• _PROVIDED MATERIAL_:
◇ ◇ ◇ ◇ ◇
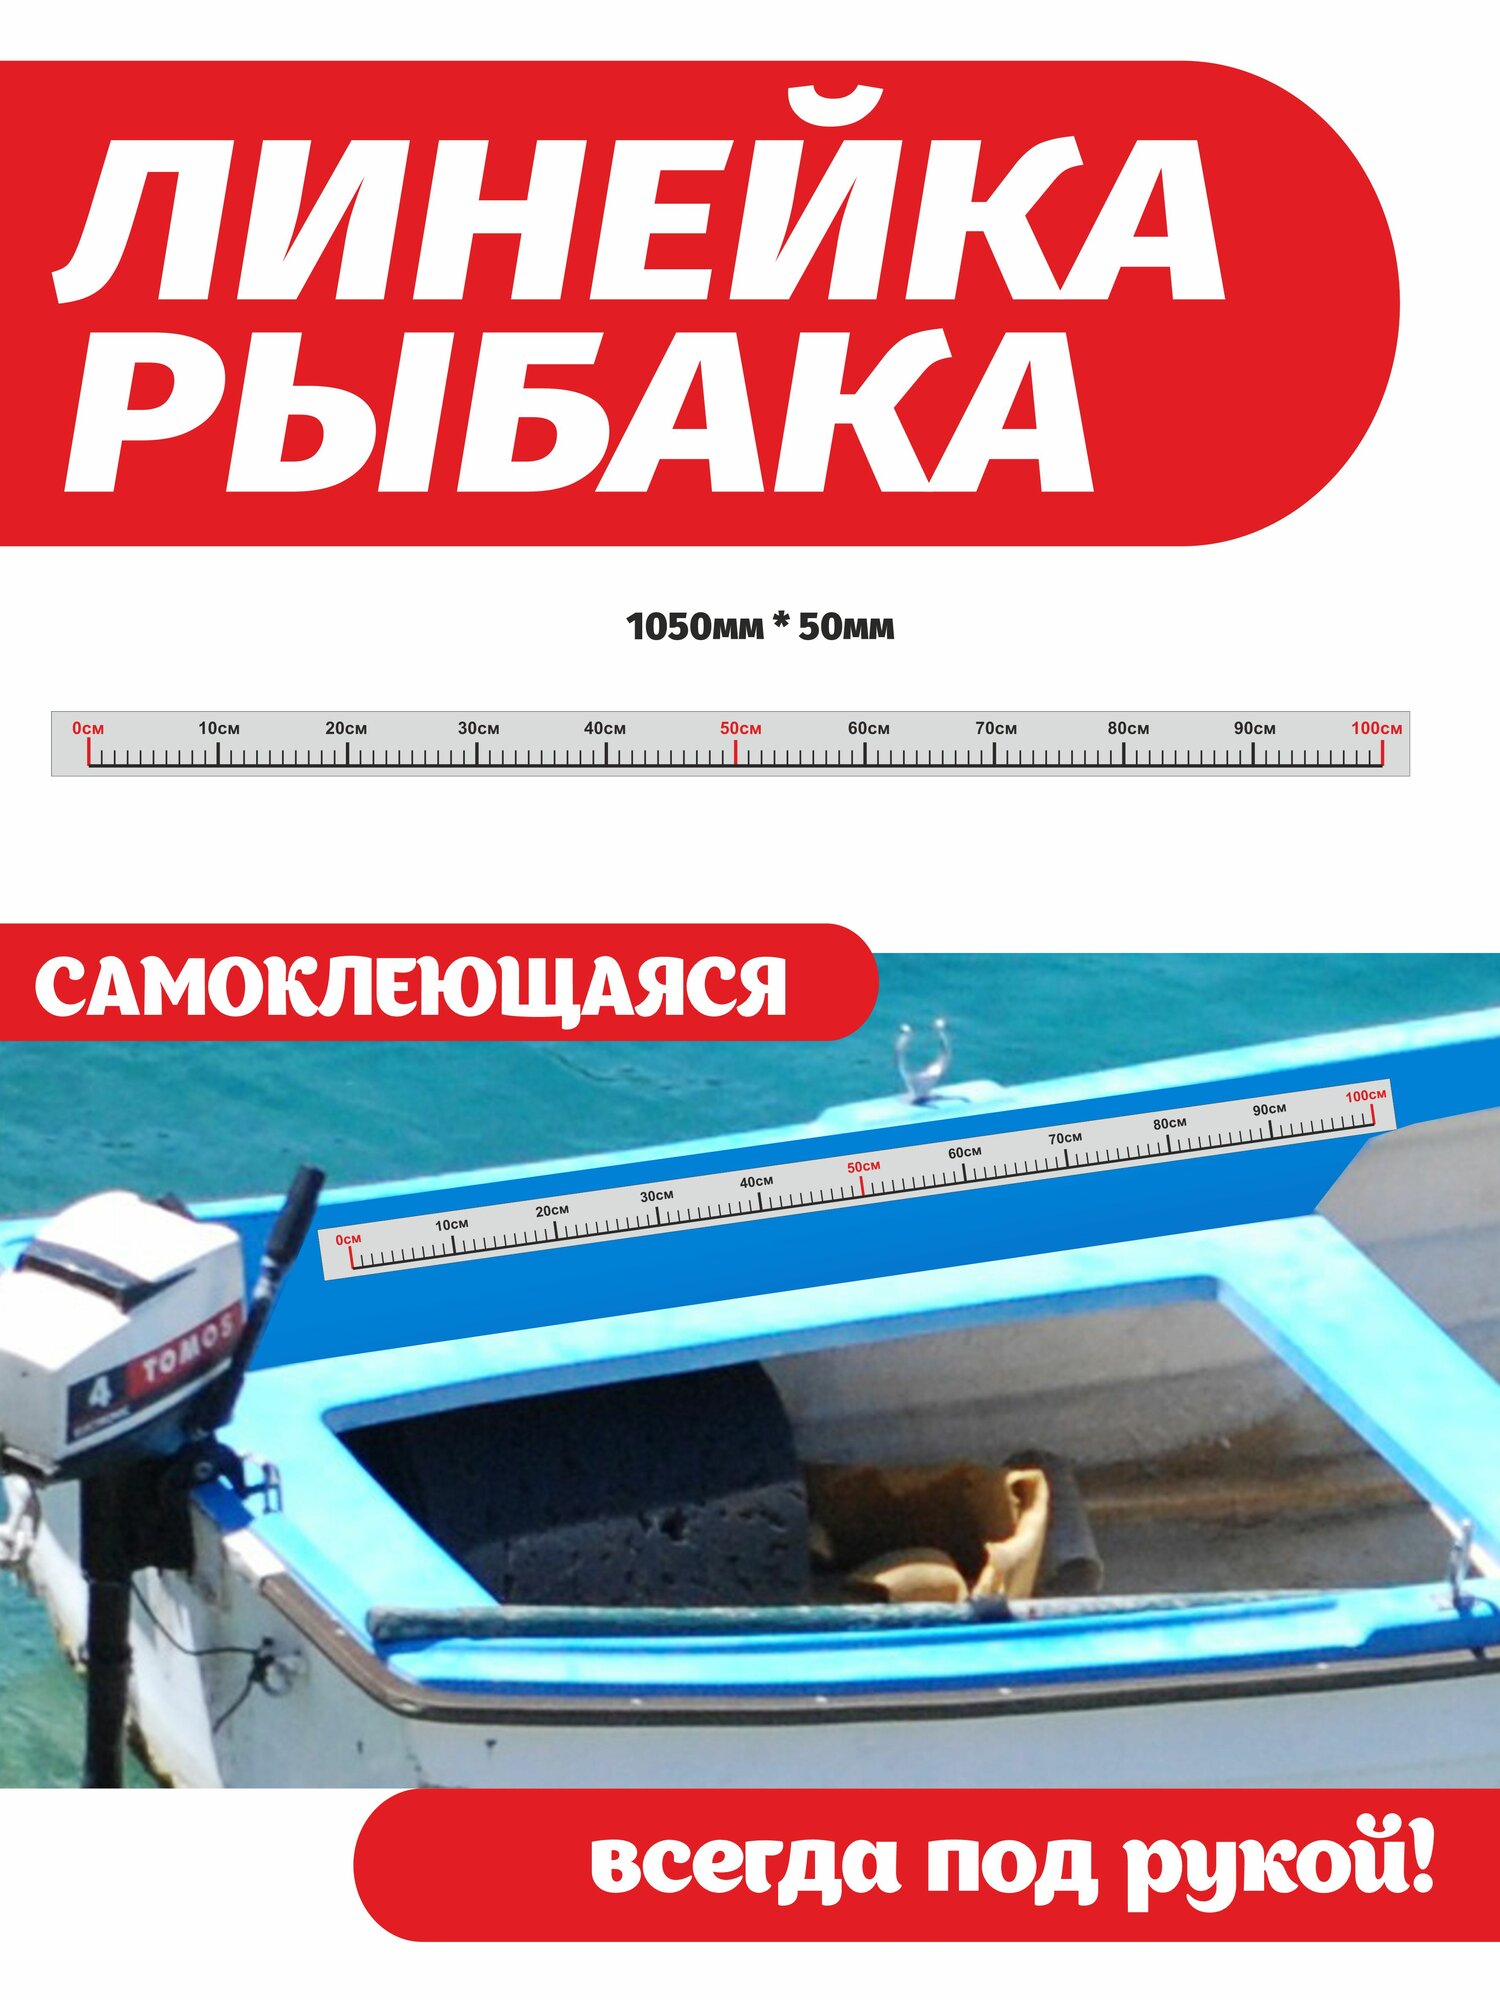 Наклейка на лодку и катер Линейка рыбака 105 см длина
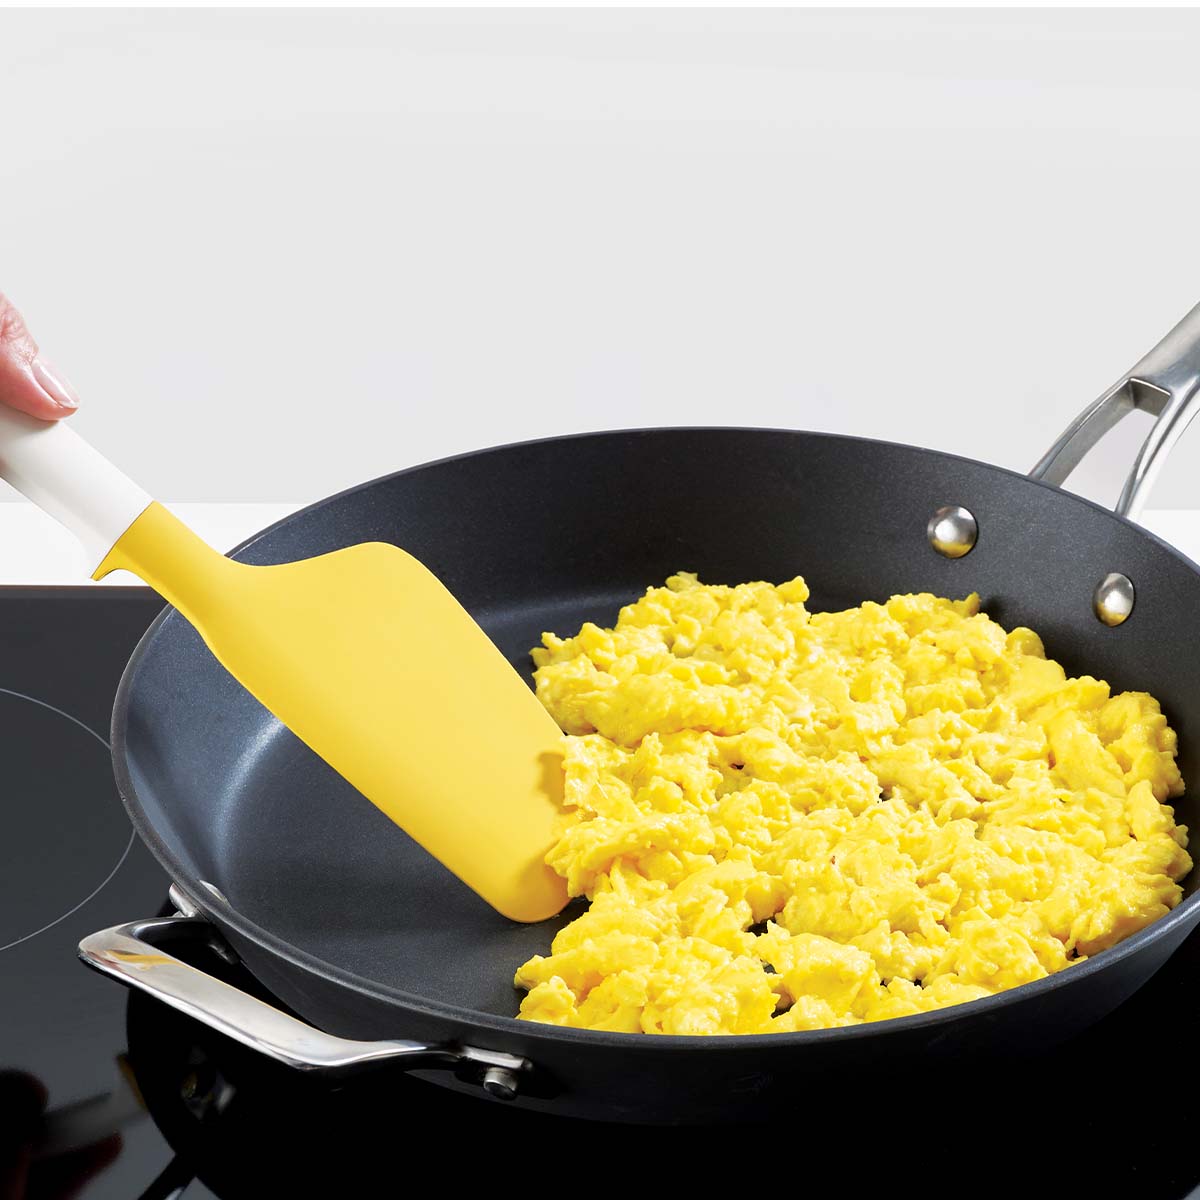 Elevate™ spatula za jaja, Yellow
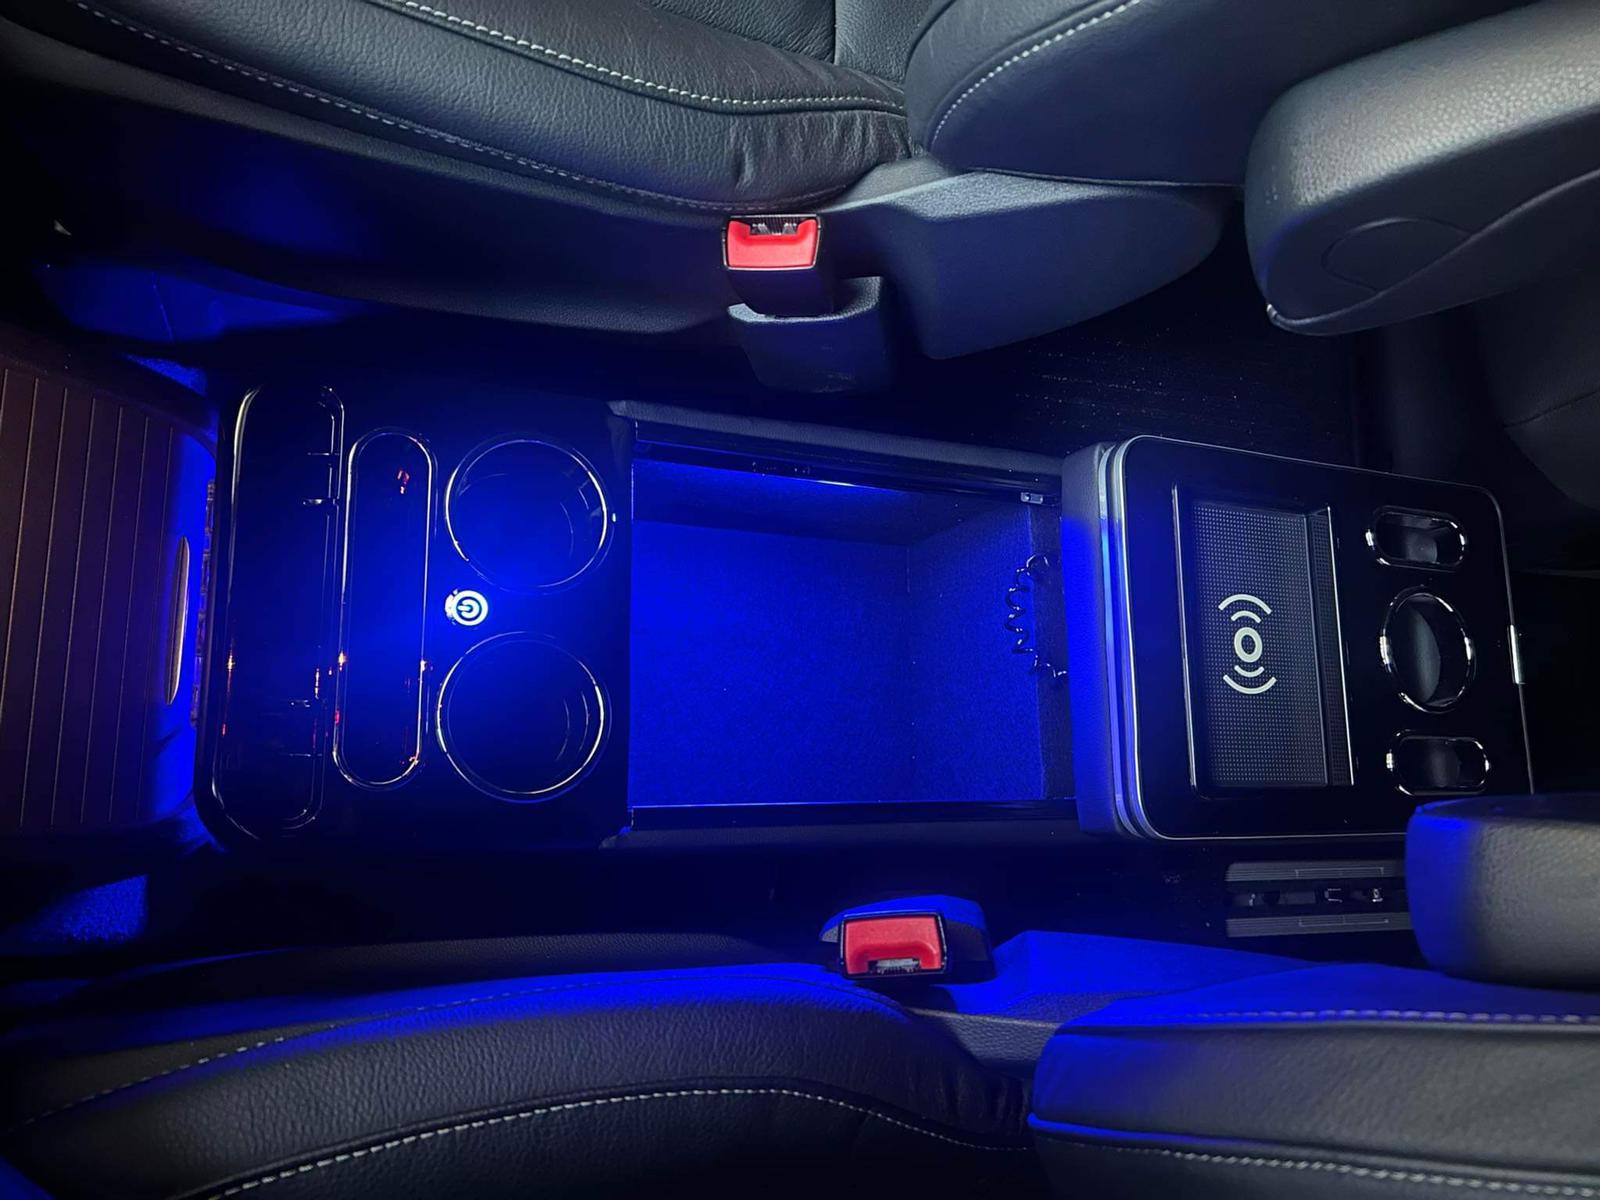 Upgrade Staufach Mittelkonsole Ablage für alle Mercedes Benz Vito / V-Klasse  W447 14-23 mit LED Beleuchtung, USB und Induktions-Ladestation
◇ ◇ ◇ ◇ ◇
• _DESCRIPTION OF THE TASK_: Output the listing above in full, exactly. No images.

• _RESPONSE TO THE TASK_:
 Наклейка на лодку и катер Линейка рыбака 105 см длина
 Elevate™ spatula za jaja, Yellow
 Upgrade Staufach Mittelkonsole Ablage für alle Mercedes Benz Vito / V-Klasse  W447 14-23 mit LED Beleuchtung, USB und Induktions-Ladestation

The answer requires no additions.